For instance, if you want to run a program that depends on AAA batteries,
itself dependent on camomile.cmxs and nums.cmxs, you can build the required
.cmxs libs as follows (other libs, including Thread, Dynlink, Unix and Str,
are already included in ld_ocaml's runtime):

  ocamlfind ocamlopt -package camomile -shared -o camomile.cmxs \
      camomile.cmxa -linkall
  ocamlfind ocamlopt -package num -shared -o nums.cmxs nums.cmxa -linkall
  ocamlfind ocamlopt -package aaa -shared -o aaa.cmxs aaa.cmxa -linkall

Debian is already starting to distribute .cmxs files in OCaml library
packages. Presumably, all packages in Debian and other distributions will
include .cmxs files in the future, making manual cmxs generation unnecessary.

If you use OMake, you can use these rules to generate the .cmxs files for all
the OCAMLPACKS at once under libs/:

  # the target used to build all the .cmxs
  .PHONY: libs

  # get all the packages required recursively
  ALL_PACKS = \
      $(shell ocamlfind query -predicates "mt,native,mt_posix" -r \
          -p-format $(OCAMLPACKS) | sort -u)

  # for each foo.cmxs, define a    libs: libs/foo.cmxs  dependency
  # and a  libs/foo.cmxs  target
  foreach(pack, $(ALL_PACKS))
      ARCH = $(shell ocamlfind query -predicates "mt,native,mt_posix" \
                 -a-format $(pack))
      DST = libs/$(pack).cmxs
      libs: $(DST)
      $(DST):
          $(OCAMLFIND) ocamlopt -shared $(OCAMLFLAGS) -o $@ \
            -package $(pack) $(ARCH) -linkall

Program compilation
-------------------
Let's suppose you want to compile a program that links against AAA Bateries.
You'd normally do

   ocamlfind ocamlopt -package aaa -o hello hello.ml -linkpkg

which would link statically against AAA's libs and all its dependencies.

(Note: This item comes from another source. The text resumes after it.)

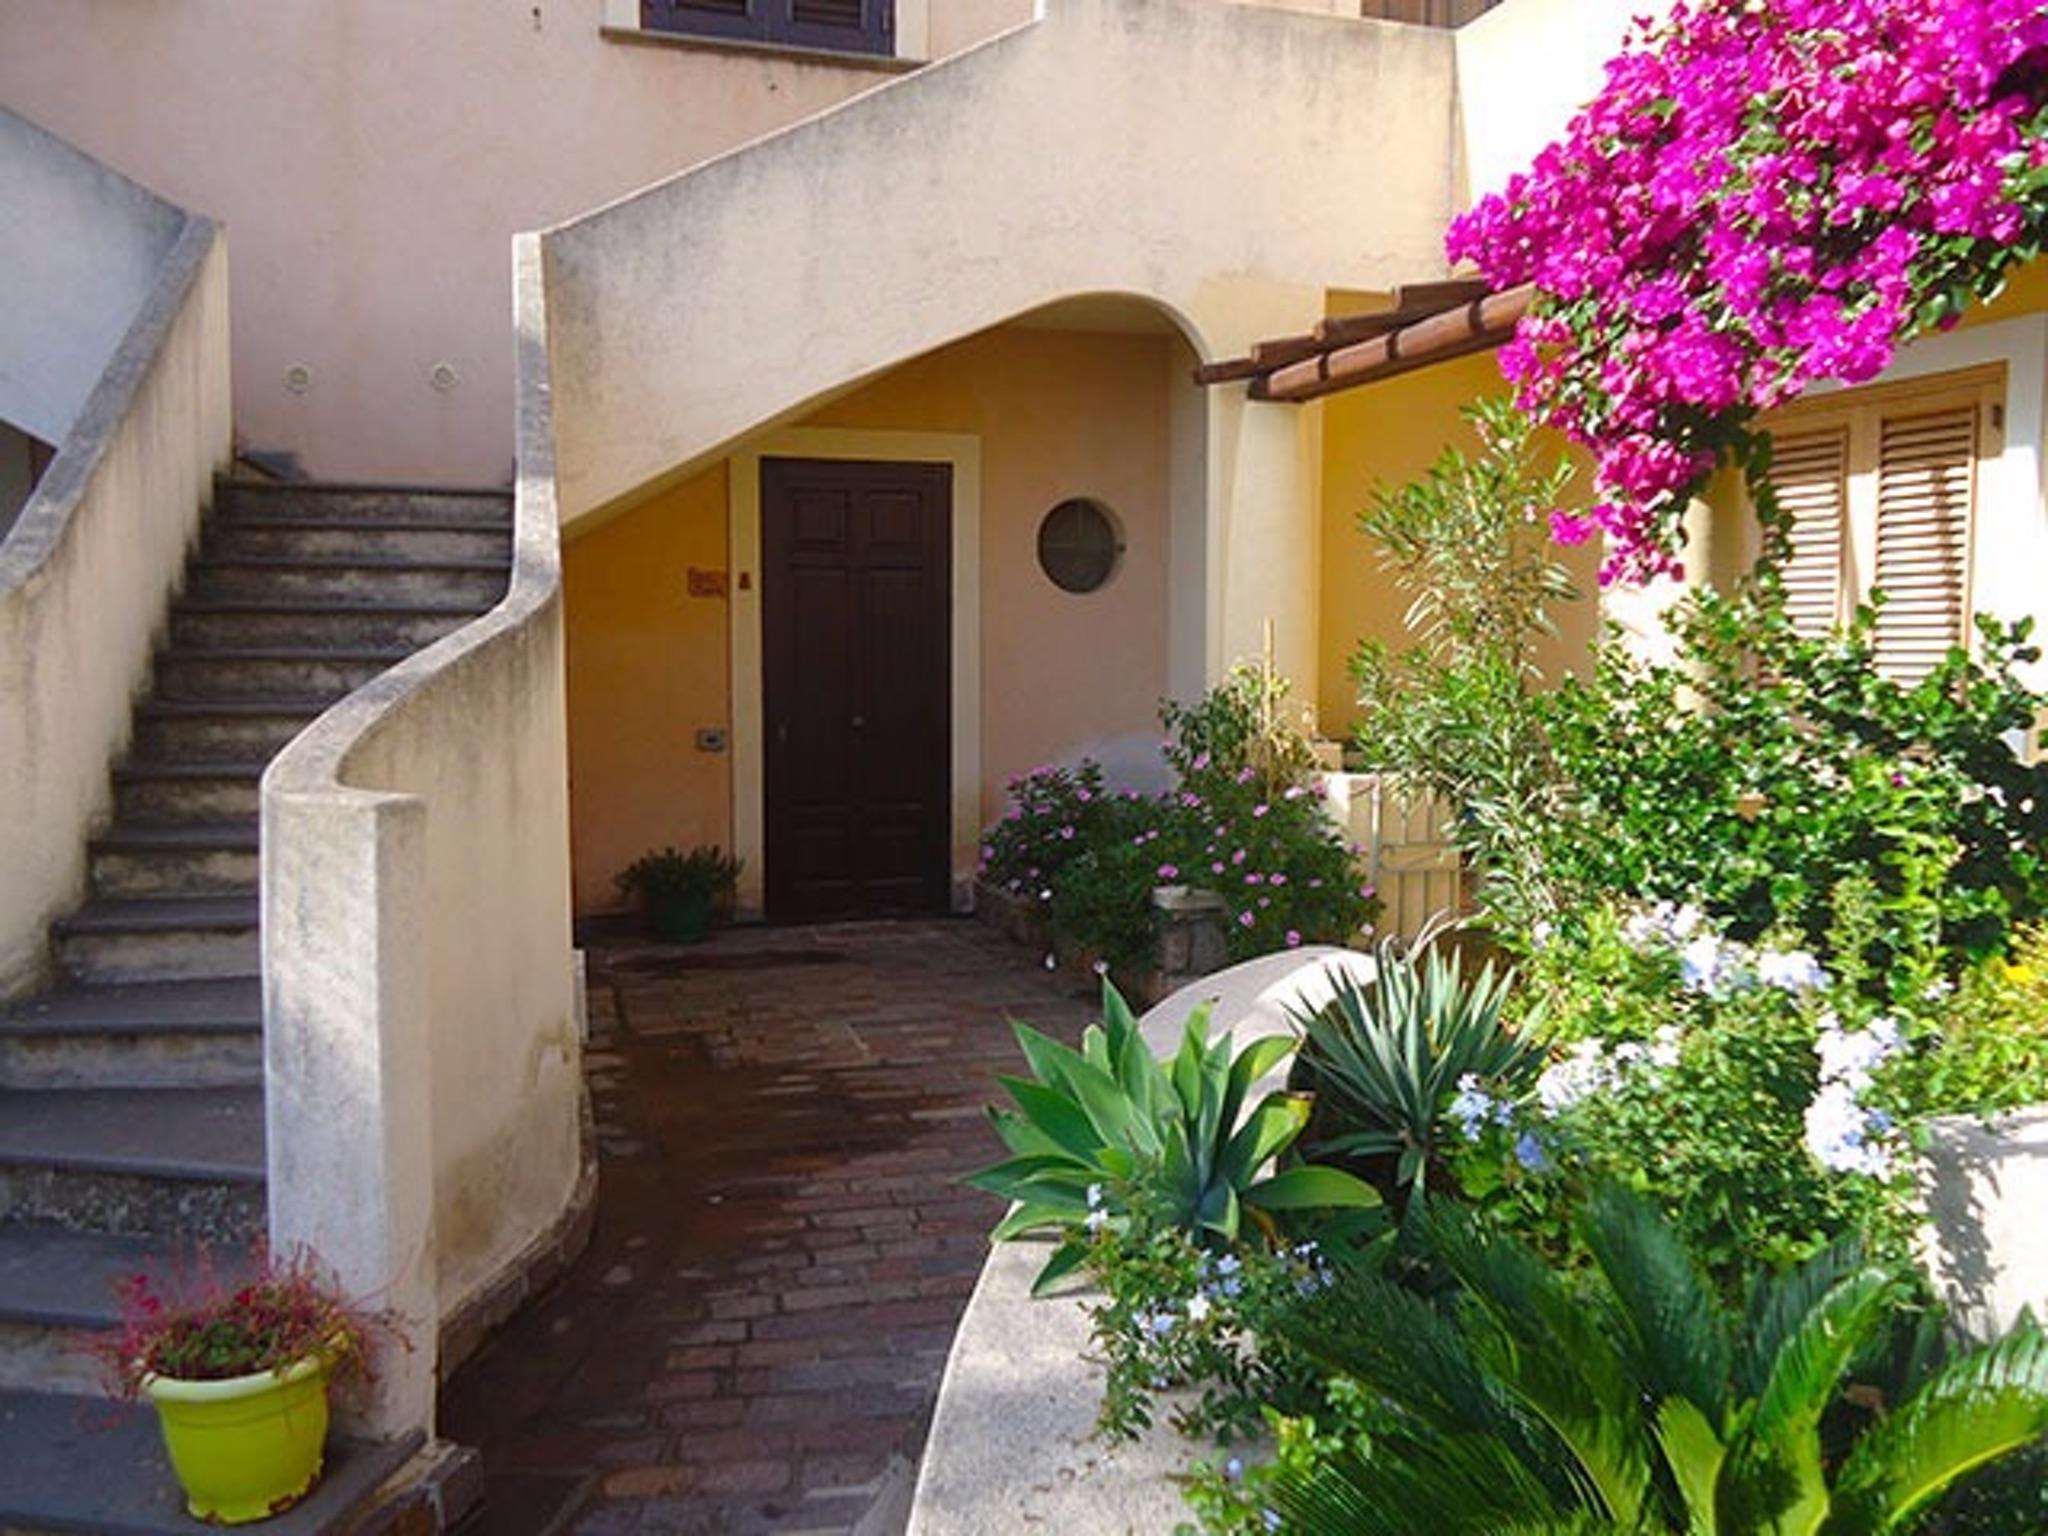 Appartement de vacances Wohnung mit 2 Schlafzimmern in Lipari mit möblierter Terrasse - 20 m vom Strand entfernt (2202323), Lipari, Lipari, Sicile, Italie, image 11

In order to create a cmxs that can be run with

  ld_ocaml hello.cmxs

you simply need to do

  ocamlfind ocamlopt -package aaa -shared -o hello.cmxs hello.ml

The difference is that we don't link against the AAA package anymore, and the
dynamic libs will be loaded as required by ld_ocaml (you'll have to make sure
the required .cmxs libs are available, though --- see the above section).

How it works
------------
.cmxs files hold information about the interfaces they import ("imports_cmi")
and the implementations they are tied to because of inlining ("imports_cmx").
This information is an OCaml string associated to the "caml_plugin_header"
symbol which corresponds to a Marshal serialization of the header (see
ld_header.ml). ld_ocaml looks for .cmxs files and builds a DLL catalog
which is later used to resolve dependencies as needed.